A group at the University of Michigan at Ann Arbor led by Professor David Blaauw pushed the operating voltage of its Phoenix processor down to 0.5V, using a 0.18µm process. But such low voltages expose the leakiness of large memory arrays. They focused on finding ways to reduce the leakage, but also the amount of memory that a processor needs, going full circle to the concerns of the 1970s and 1980s. They reduced the bit length of instructions, cutting the energy needed to transfer them across a bus, by using more complex addressing modes than a standard risc. And, to cut the memory footprint of data ram, the researchers used Huffman compression, decoding data on the fly as it is read into the processor's registers.
Ironically, srams are more energy efficient when run at higher speeds, according to Prof Blaauw's group – running an sram at a higher voltage makes it feasible to have clusters of slow processors use a shared cache without blocking each other as the cache can be clocked at a higher speed. The drawback is the cache may 'thrash' when processors conflict over cache lines, which could increase energy usage as data has to be repeatedly shifted in and out of main memory.

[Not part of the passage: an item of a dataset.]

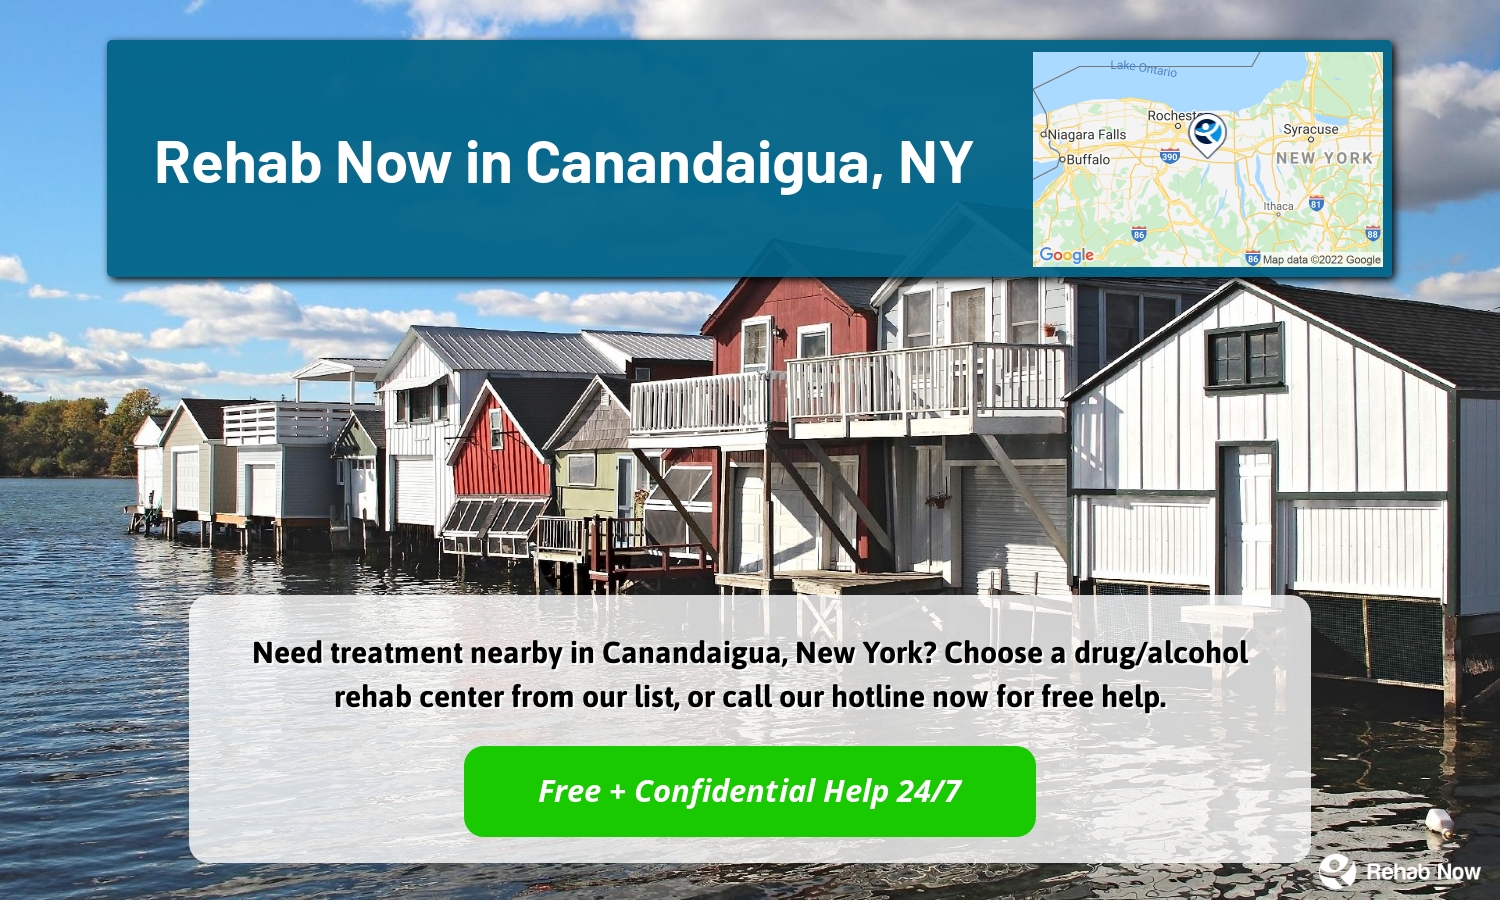 Need treatment nearby in Canandaigua, New York? Choose a drug/alcohol rehab center from our list, or call our hotline now for free help.

3d integration may help further by cutting the distance between processor cores. Intel has proposed stacking processors on top of memories to cut the time taken to access data, but Professor Yves Leduc, Texas Instruments chair at Polytech Sophia Antipolis, says: "The big guy doing big processors is not so enthusiastic about using 3d integration. The problem is heat." But Prof Leduc added: "If you are in the low power business, 3d is for you."
Meanwhile, high speed supercomputer projects are focusing on other assumptions that underlie software architecture in the hope that altering some of them may provide greater power reductions in the future. Much as the shift to risc philosophies in the 1990s centred on compiler design, the next generation of processors will need a similar change in approach.